The items we use, from production to usage to the time we are finished with them can have permanent effects on the environment.




Why is this topic important to freedivers?

  • Time spent in the sea/ocean/cenote/lake

  • Volumes of people visiting freediving cites, from untouched and remote places in the world to highly trafficked tourist destinations

  • Materials we use can have ever-lasting impacts on the environment


Current Practices That Have an Impact


Individual Level


Putting the wetsuit on

  • Open-cell wetsuit: it is typical to use conditioner or soap which can leak into the water through the suit, through drainage depending on where the diver is getting ready

  • Using showers to put the wetsuit on: running water


  • Using bio-degradable soaps and solutions (i.e. SharkSnot: seawees extract, water based)

  • Putting wetsuit on away from the body of water if soap is used

  • Putting wetsuit on in the body of water-based

  • Using low shower settings and turning taps off immediately after use


Equipment/Wetsuit/Swimwear materials

  • Neoprene – synthetic rubber. Can be oil-based, or limestone-based (more sustainable to make). Production of neoprene causes environmental damage (extraction of materials), pollution etc. This material is not bio-degradable, so once the item is damaged or no longer used, it can sit in a landfill for a very long time

  • Fins – made from carbon, fiber glass, plastic + Rails, and foot pockets


  • Do your research – where do your favorite wetsuit brands acquire their materials? Do these companies care about being compassionate to the environment? I.e. using more sustainable practices and partnering with charities or recycling programs

  • Recycling programs: RipCurl AUS, Patagonia (own products), Suga (Canada) creates yoga mats from old wetsuits

  • Taking care of wetsuits (minimal sun exposure, rinsing salt water) prolongs use and durability

  • Swimwear i.e. board shorts, leggings and bikinis. There are currently loads of companies switching to recycled materials. Tip – the less ink used to create the product, the less negative impact

  • Look for companies trying innovative solutions I.e. Kaguya, creating blades made from bamboo materials. Even if materials are not 100% eco-friendly, they are worth supporting while they try to make a difference


Products Entering the water

  • Sunscreens and moisturizers containing: oxybenzone, octinoxate, zinc oxide, octocrylene

  • 14, 000 tons of sunscreen wash into the ocean each year

  • 80% of Caribbean corals have been depleted in the last 50 years due to pollution

  • Mosquito repellant: unnatural and containing Deet

  • Corals can absorb these unnatural substances which harms their growth cycles resulting in bleaching


  • Cover up – hats, bandanas, long sleeves

  • Most clothing created to protect from the sun contains 50 SPF

  • Bring reef-safe brands

  • Use natural repellant using lemongrass, citronella, tea-tree, citrus, coils, fans, etc.

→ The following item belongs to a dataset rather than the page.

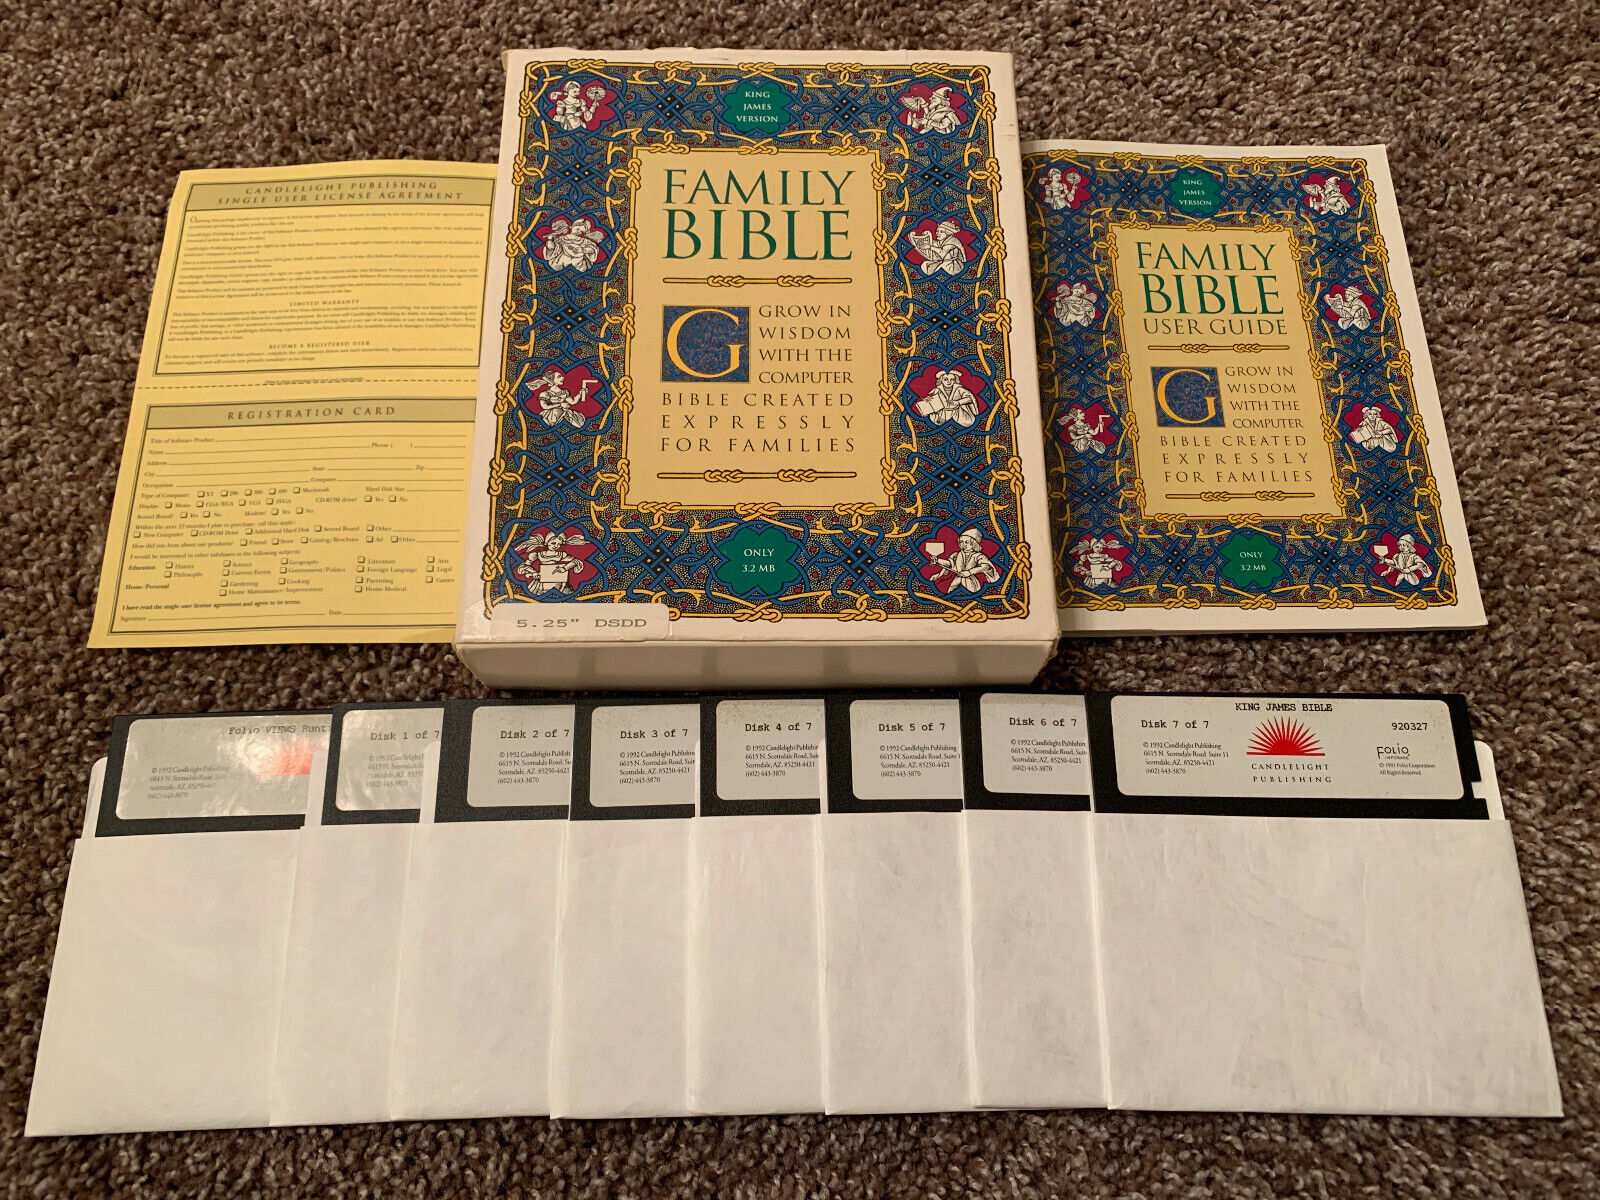 Family Bible - 1992 PC Computer King James Candlelight Software COMPLETE in Box

Loss of items in the water

  • Dropped weights, line, snorkels, belts, GoPros, etc. that cannot be recovered due to the depth of the area or low visibility

  • Items that can fly off a boat I.e. food wrappers

  • These can damage the reef if the fall is hard enough

  • Animals may consume debris


  • Secure items with the right knots for the right purpose (Clove hitch (for tying to another line/carabiner) vs Bowline (easily removed under tension))

  • Bring extra carabiners or air-tight bags


As a Whole Group



  • Freedivers ‘taking over’ remote towns, may produce additional trash (single-use cutlery), getting take-out containers and throwing them out afterwards, consuming food from wrappers, bags etc.

  • Airplane travel is responsible for about 2% of Carbon Dioxide Emissions

  • Transportation to and from dive sites

  • Boat traffic interfering in with marine life


  • Bring your own cutlery (bamboo, re-usable bags, take-out containers when possible)

  • Be aware of recycling programs in the town you are visiting

  • Research airlines that carry full flights, or companies that are moving towards more sustainable flights (Quantas – Australian airline)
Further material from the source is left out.